**** Provided data
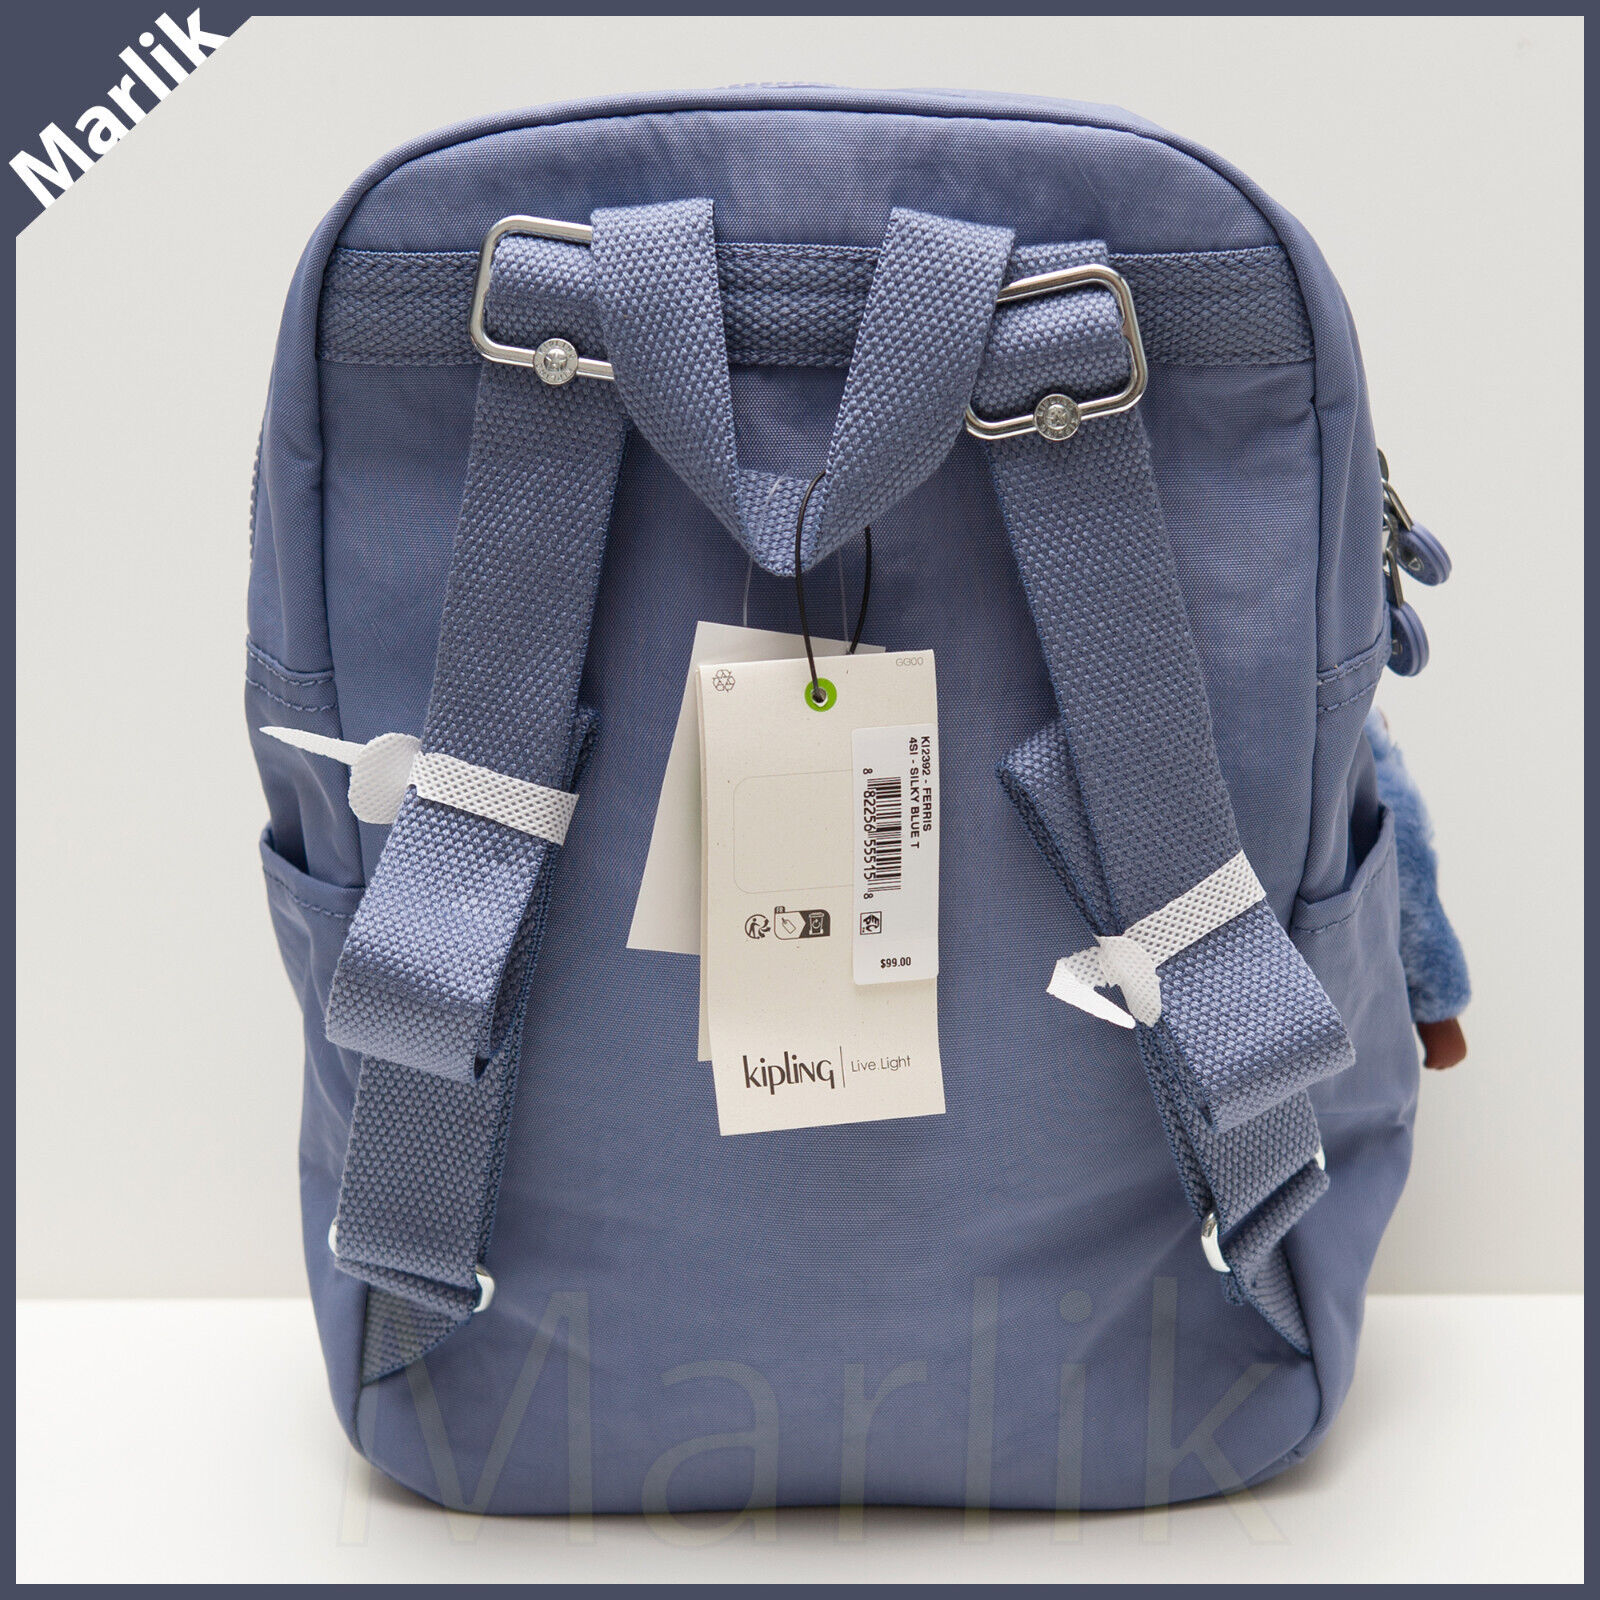 Kipling Ferris Backpack Small KI2392, 4 SI, Silky Blue Tonal 13
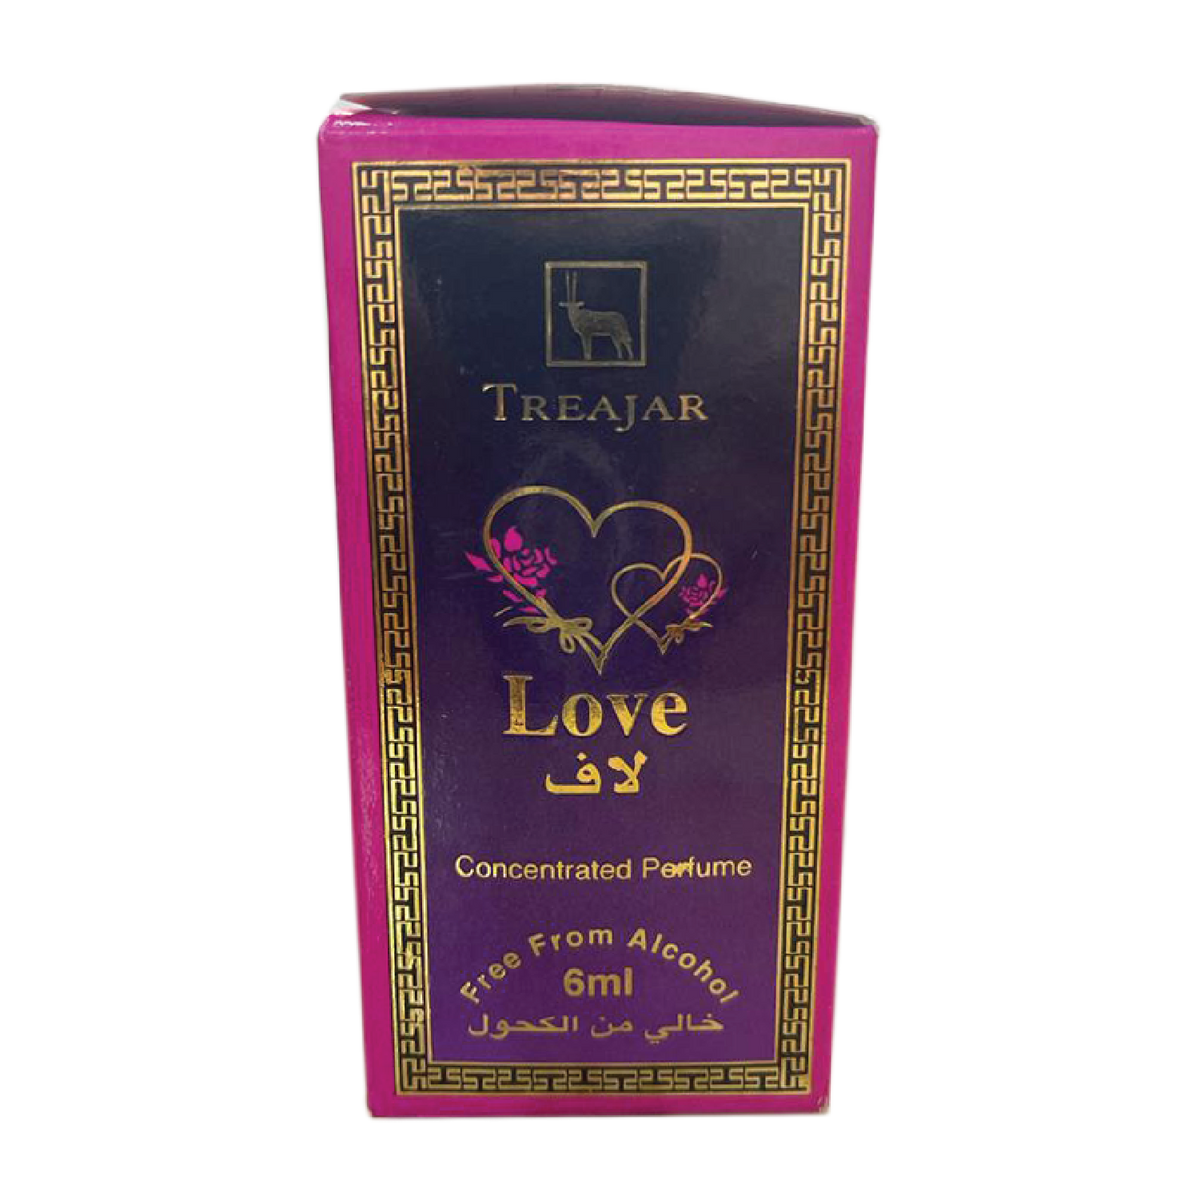 Treajar Concentrated Oil Perfume - Love, 6ml - Pack of 6 Gardenia Cosmotrade LLP
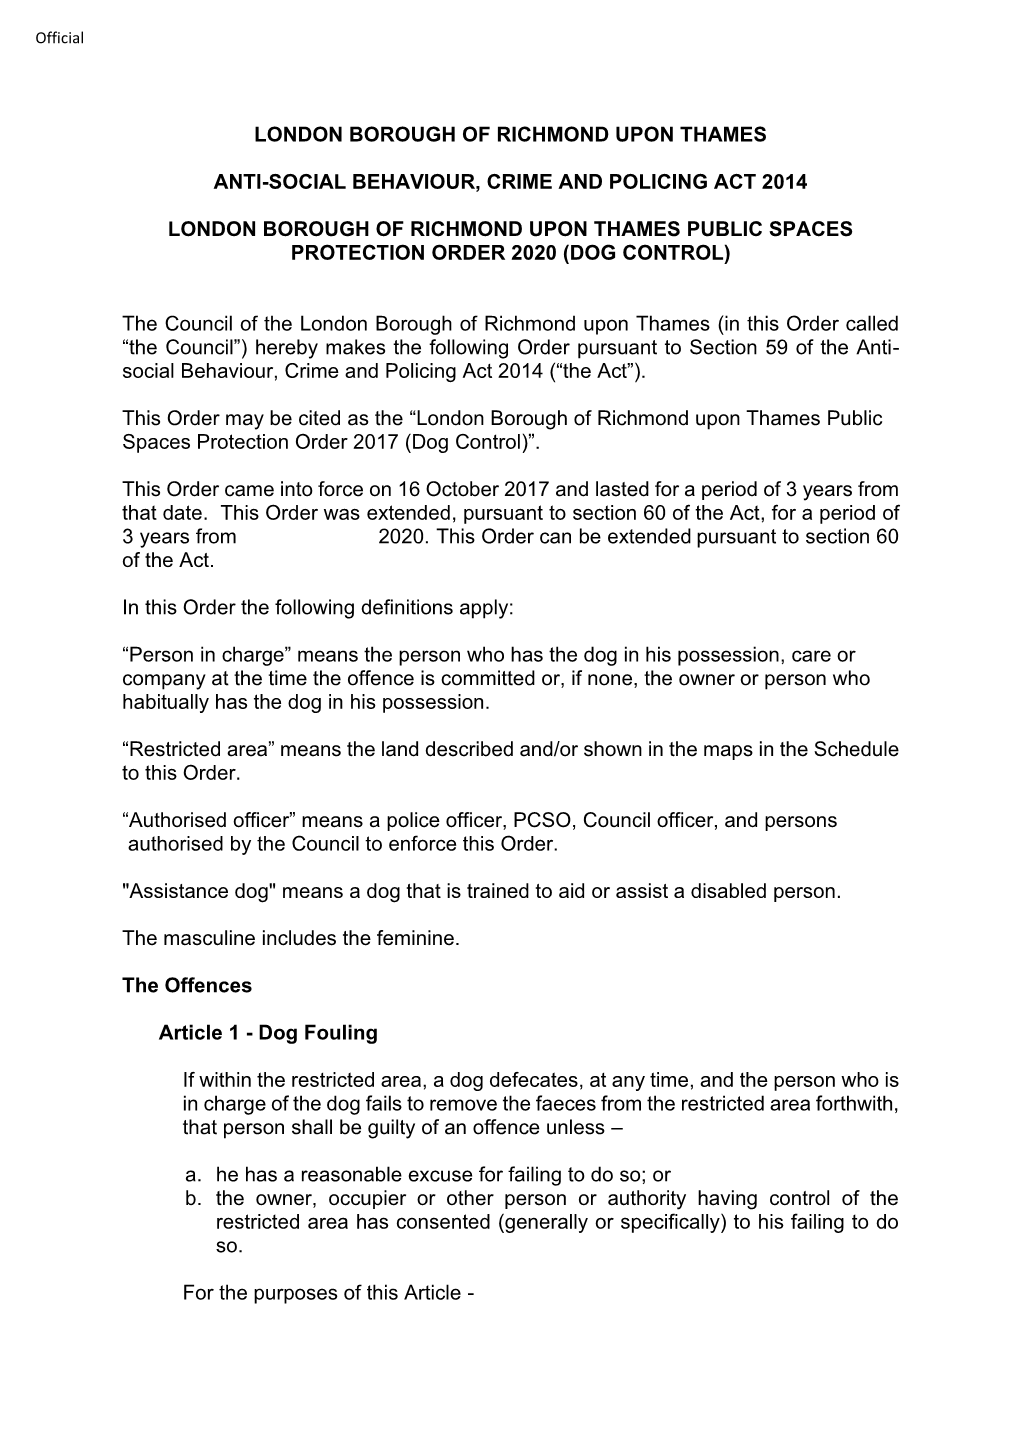 London Borough of Richmond Upon Thames Anti-Social Behaviour, Crime and Policing Act 2014 London Borough of Richmond Upon Thames
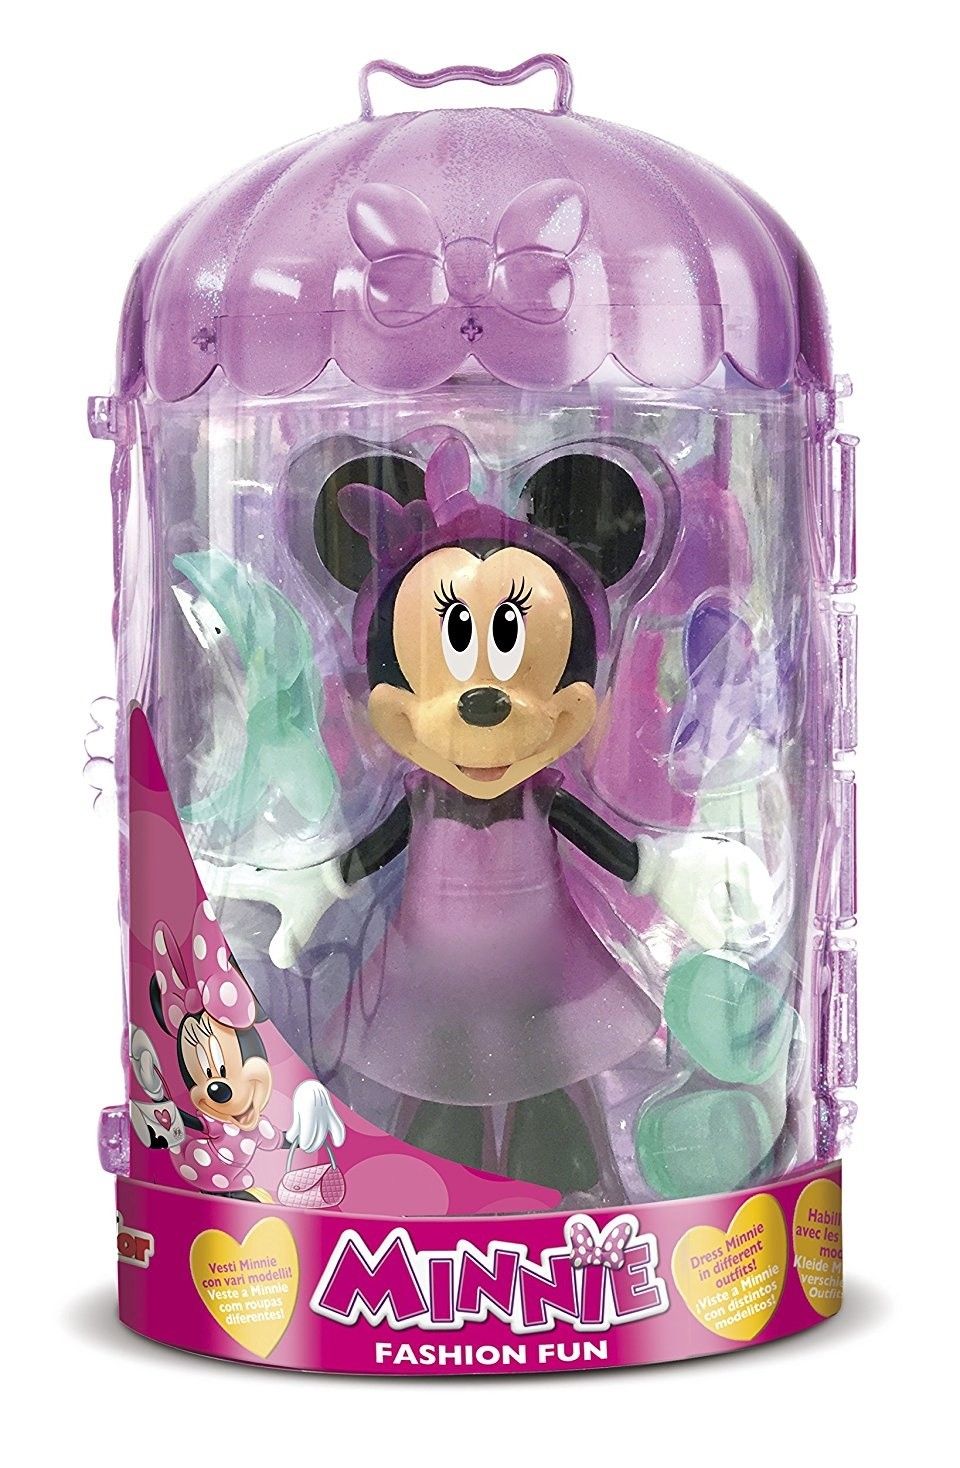 Disney Minnie Fashion Fun, Figurine Toys
********
# What you need to do
All lines from the one containing "London Borough of Richmond Upon Thames Anti-Social" to the last line of the data above, both included, should be printed exactly, and the pictures should not appear.

# Response to this task
 London Borough of Richmond Upon Thames Anti-Social Behaviour, Crime and Policing Act 2014 London Borough of Richmond Upon Thames
 Disney Minnie Fashion Fun, Figurine Toys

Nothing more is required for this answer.